My RPR took about 240 rounds before it settled down. My plan is to shoot out the factory barrel and replace it with a Patriot Valley Hawk Hill RPR barrel.
I sort of did things the opposite of Fritz's suggestion. I've owned/own Surgeon and Defiance customs built by well respected smiths. My goal with the RPR was to buy a factory built rifle and comparable quality glass and see how competitive I could be with it.

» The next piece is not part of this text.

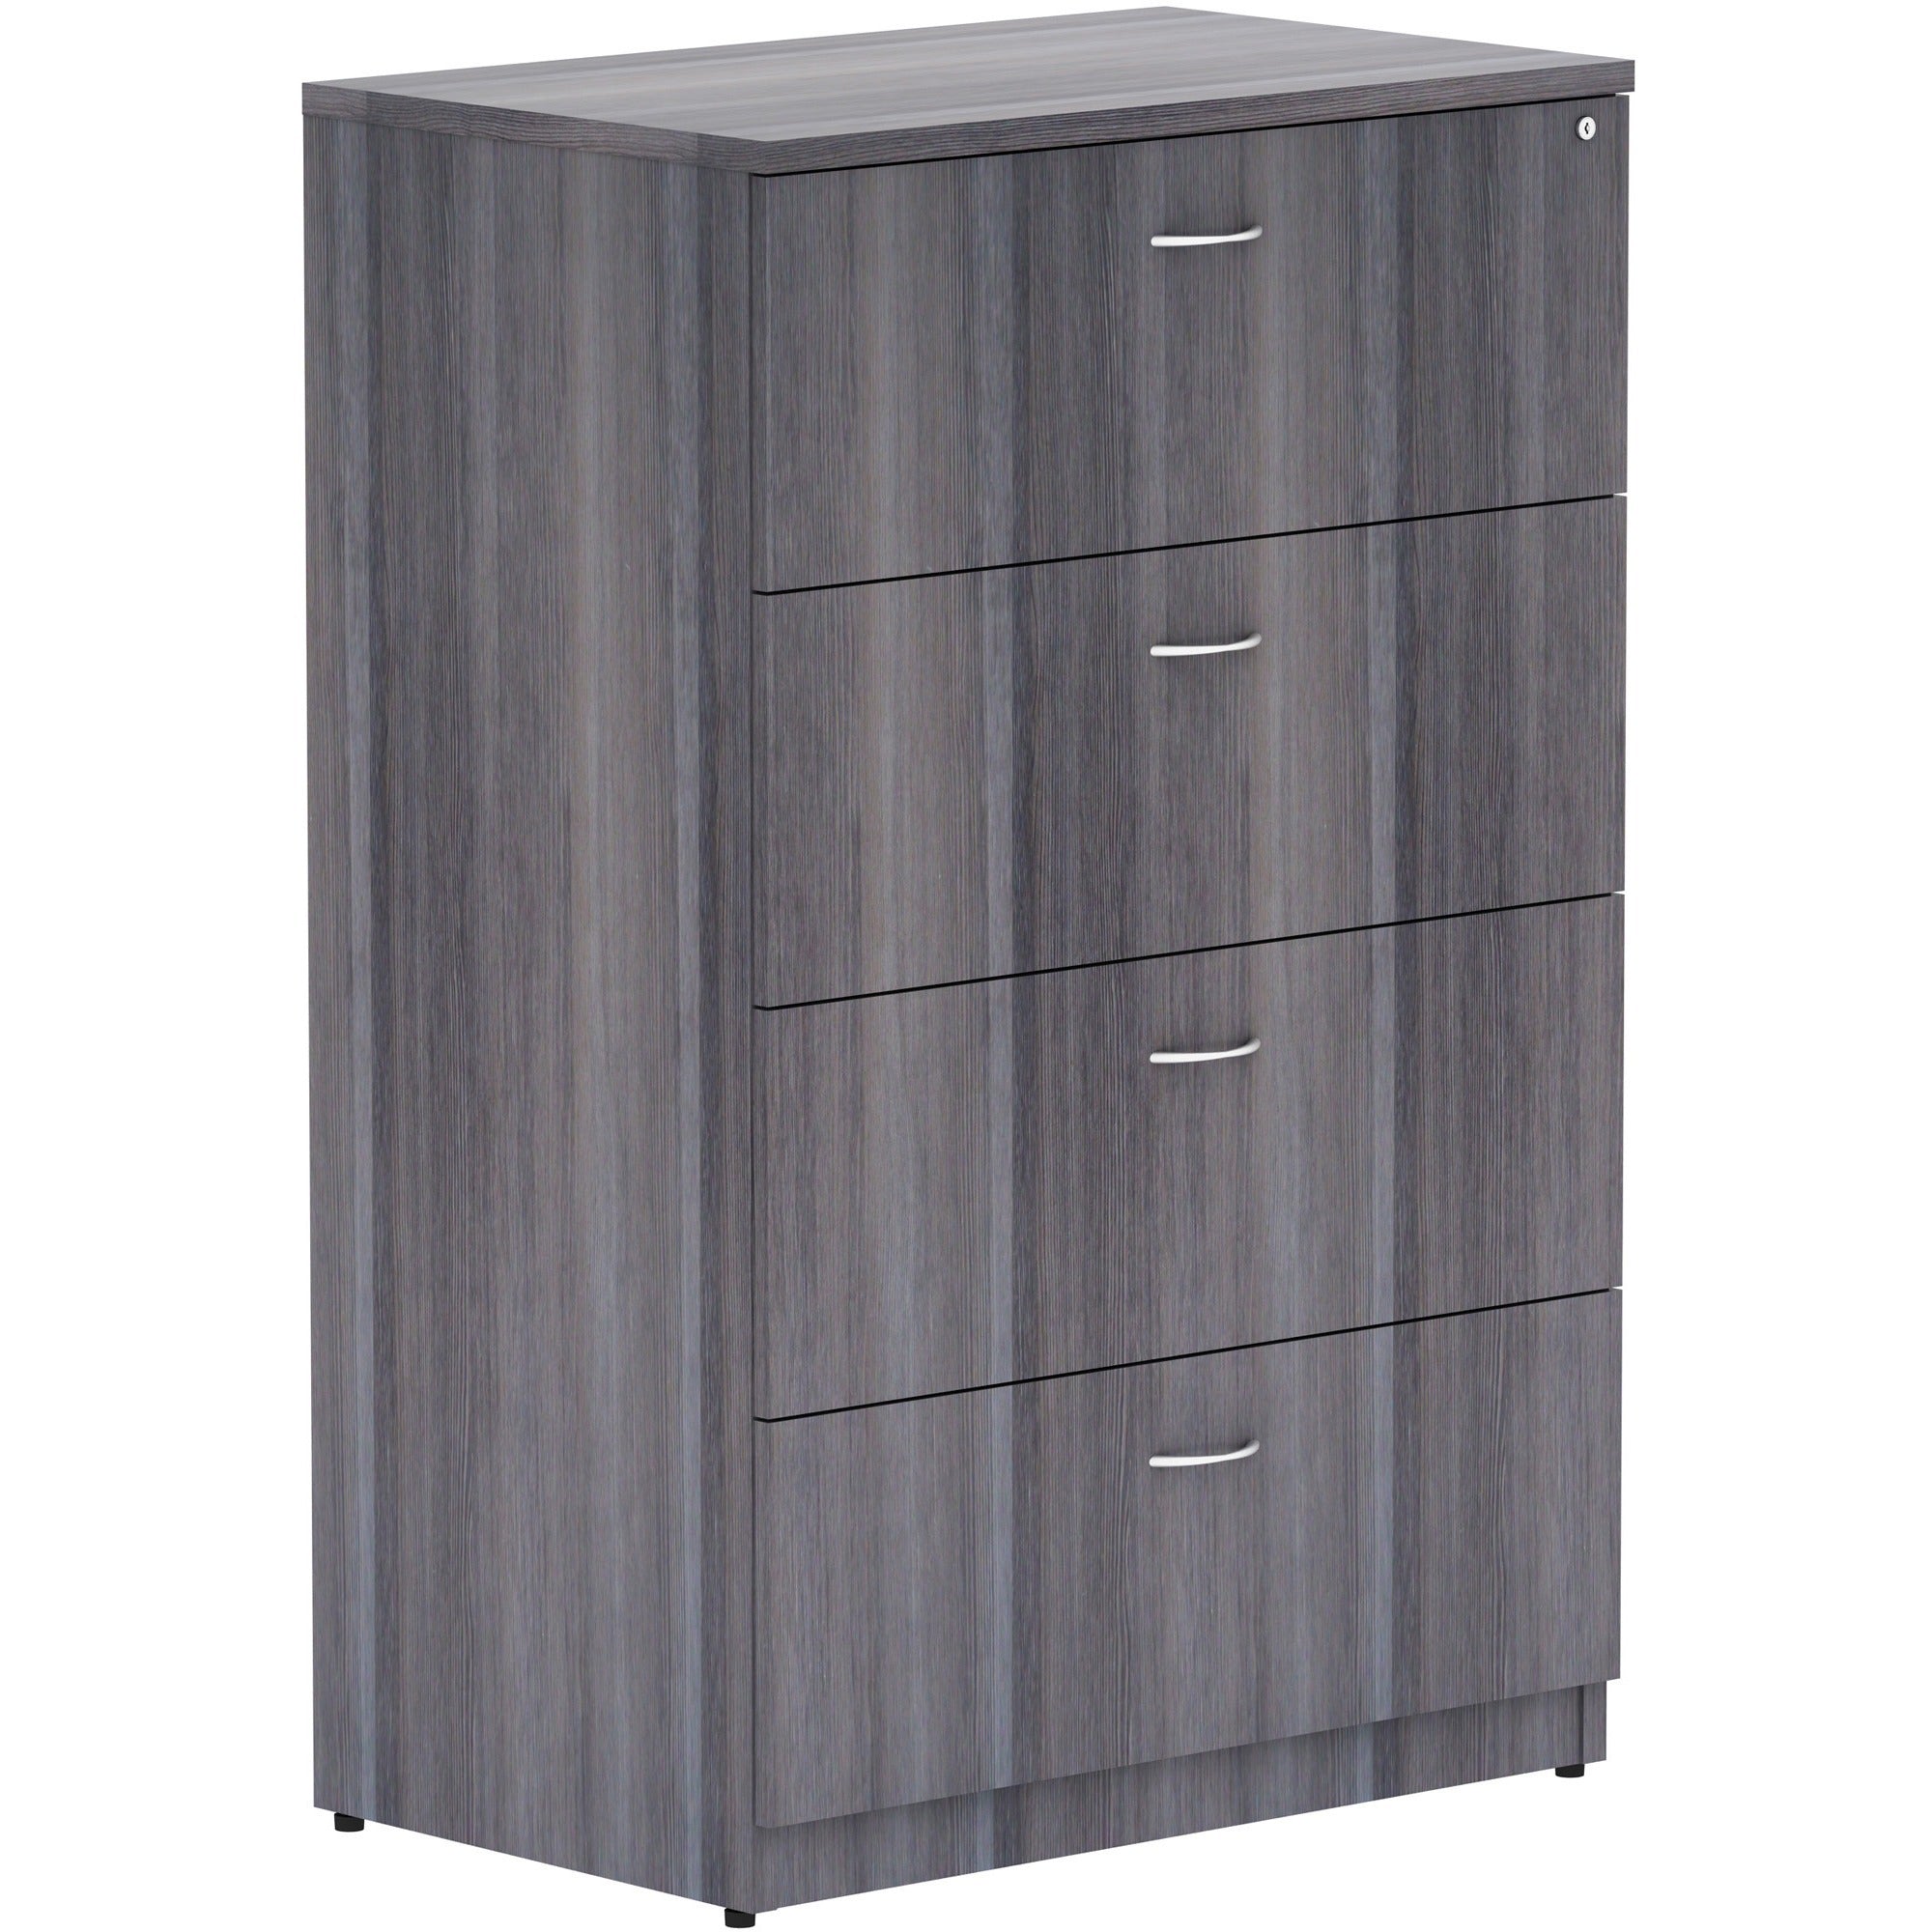 lorell-essentials-series-4-drawer-lateral-file-355-x-22548-lateral-file-1-top-4-x-file-drawers-finish-weathered-charcoal-laminate_llr69624 - 1

If you truly have your heart set on a Proof barrel they have Black Friday sales every year and I've seen their barrels sell for as low as $700 in years past. Personally any after market cut rifle barrel offered by the numerous sources would be a big upgrade from factory based on my initial impressions.
|Alea iacta est|
I would LOL, for reasons already identified by OP.
Every time you make a typo, the errorists win.
Yup...its one hell of a rifle though, This friend is single and hes a doctor and he goes sheep hunting every year all over the place. For him the 7k is no big deal I guess. I was jelous but had more of a budget so I got the Christensen Arms Ridgeline for 1800.00.